WORLD> America
FBI had, then tossed anthrax type used in attacks
(Agencies)
Updated: 2008-08-19 09:49

The complete genome mapping of the unique killer strain, the cornerstone of the forensic case, won't be public for months, maybe more than a year, because it will be published in peer-reviewed scientific journals that take time. The outsiders who had questions about the government's case wanted to see the complete genomic map sooner.

"There are still many nagging questions about this," said Dr. Michael Stebbins, who directs the Federation of American Scientists' biosecurity project and wasn't at the Monday's briefing. "Unfortunately a lot of them are not going to be able to be answered in the immediate future."

Majidi understands that: "I don't think, No. 1, we're ever going to put the suspicions to bed."

FBI officials spent much of their time going into more detail about the specific four mutations in the strain of anthrax that led back to Ivins' Army lab at Fort Detrick, Maryland. They were not easy to find, rare like red or green M&Ms in a flask mostly full of blue candies, Majidi said.

FBI officials and scientists had to come up with a technique for looking at the DNA of anthrax to whittle down the list of labs and suspects who could have produced it, creating a new field of forensic microbiology. That scientific technique to connect a lab with a unique strain wasn't available until after the FBI had destroyed its first sample from Ivins.
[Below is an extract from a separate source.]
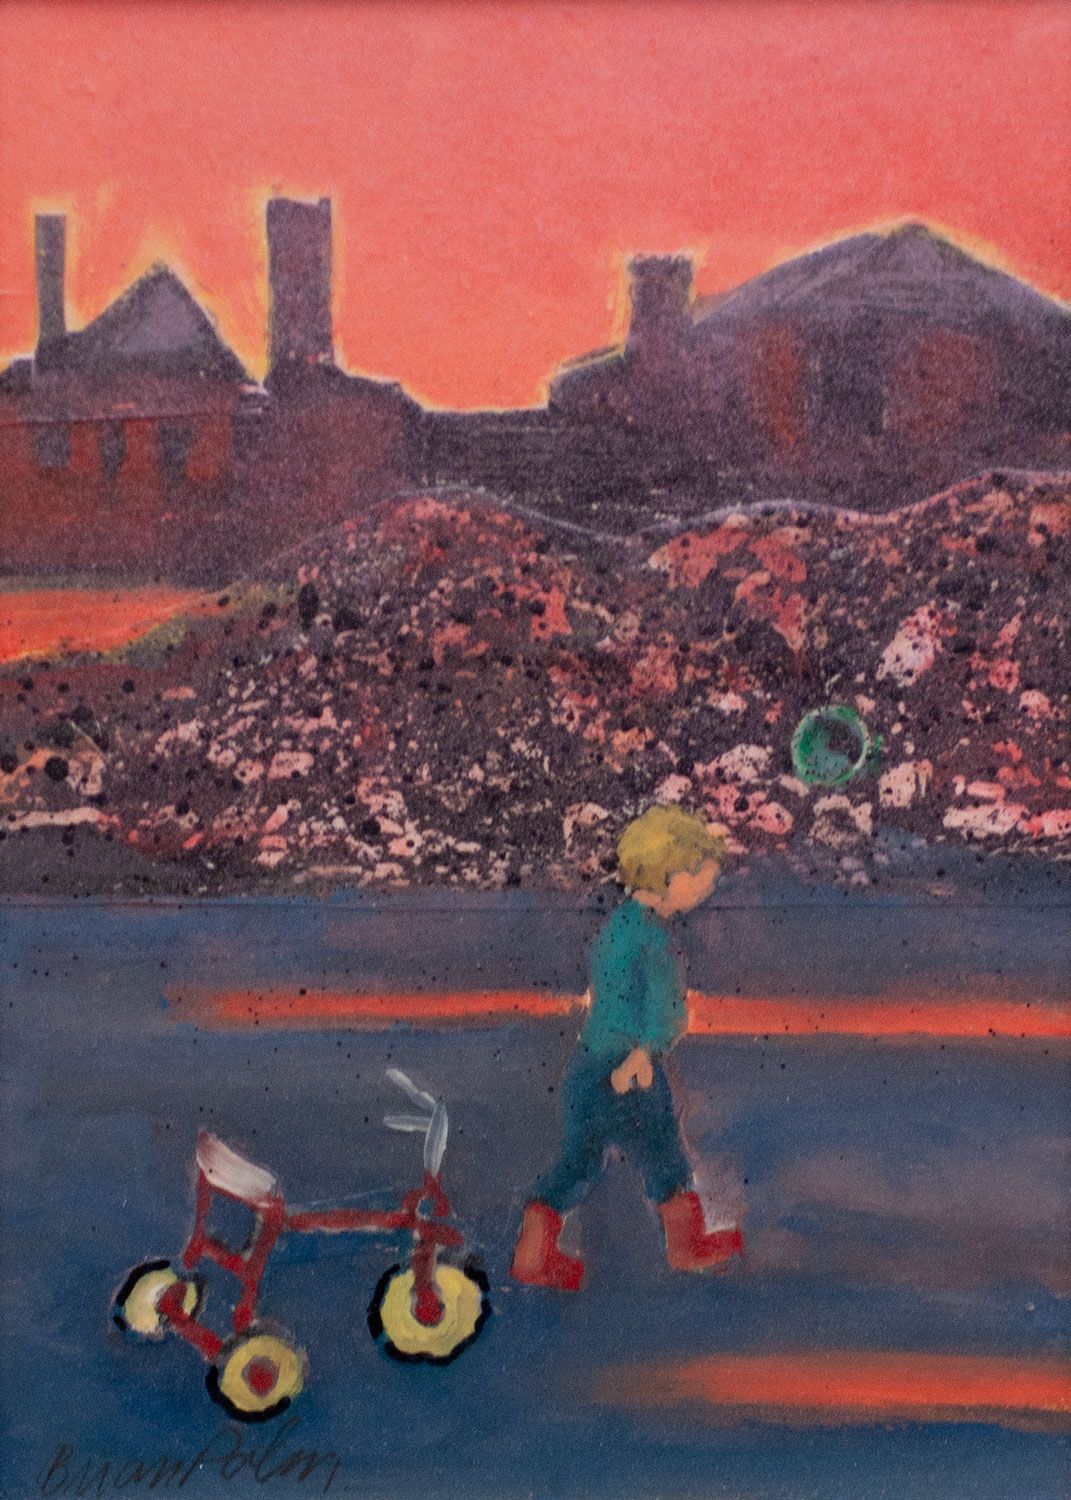 Kid with Tricycle at Sunset by Brian Palm

In February 2002, the FBI sent subpoenas around the world to labs handling the Ames strain of anthrax, which was the strain that killed five people in 2001. They got 1,070 samples and destroyed only one: the first one from Ivins. It was destroyed because Ivins didn't use the proper test tube and growth medium so it may have not been useful as evidence in court, officials said.
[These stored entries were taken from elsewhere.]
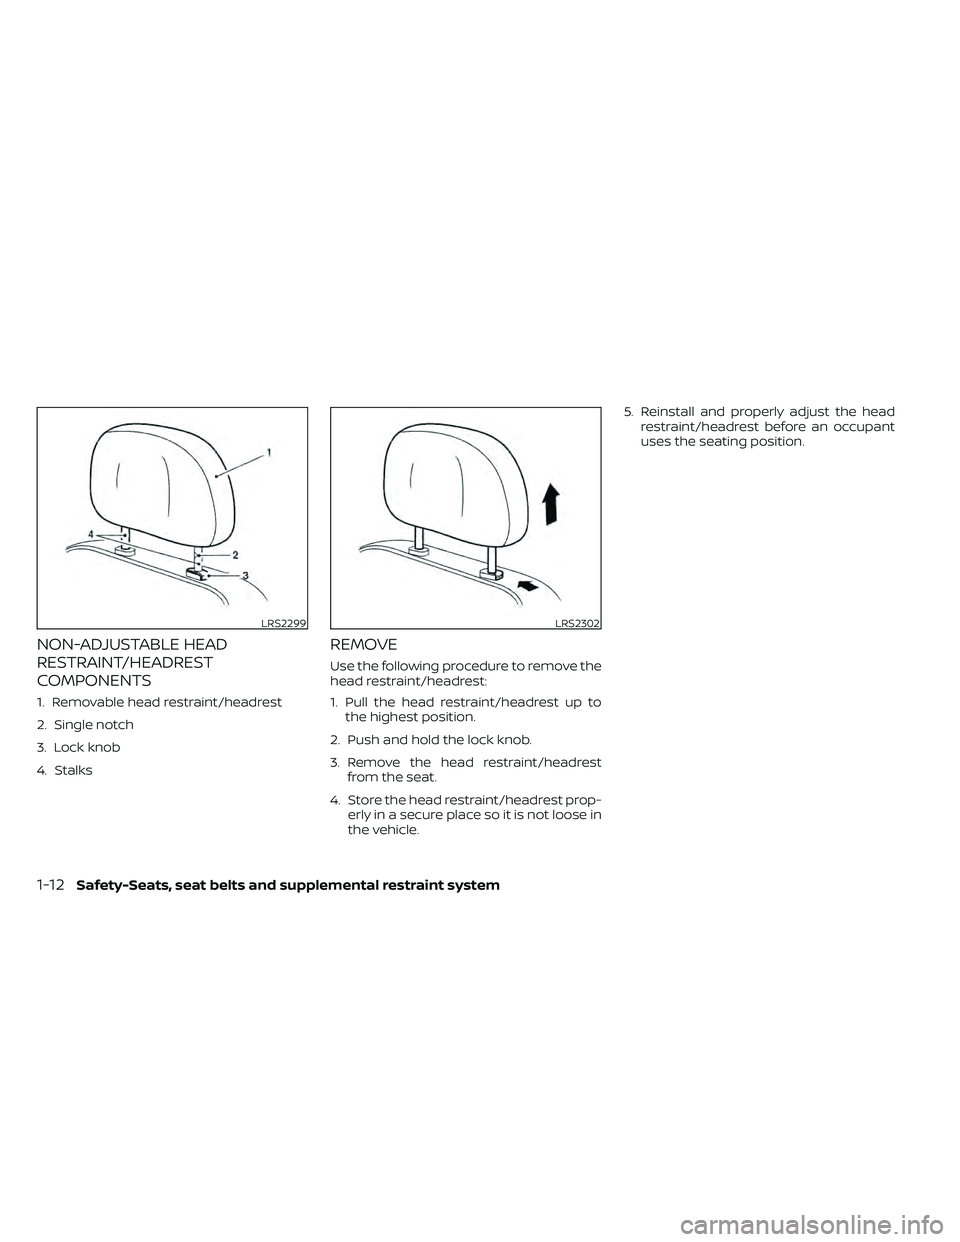 NISSAN FRONTIER 2021  Owners Manual NON-ADJUSTABLE HEAD
RESTRAINT/HEADREST
COMPONENTS
1. Removable head restraint/headrest
2. Single notch
3. Lock knob
4. Stalks
REMOVE
Use the following procedure to remove the
head restraint/headrest:

Ivins was one of the first to respond to FBI subpoenas, but his sample was deemed useless and he was asked to submit another. He gave investigators a second sample of anthrax from his lab in April 2002 to comply with standards in a subpoena issued in the case. But that sample contained a different strain than what he submitted two months earlier in what prosecutors call an attempt to deceive or confuse investigators.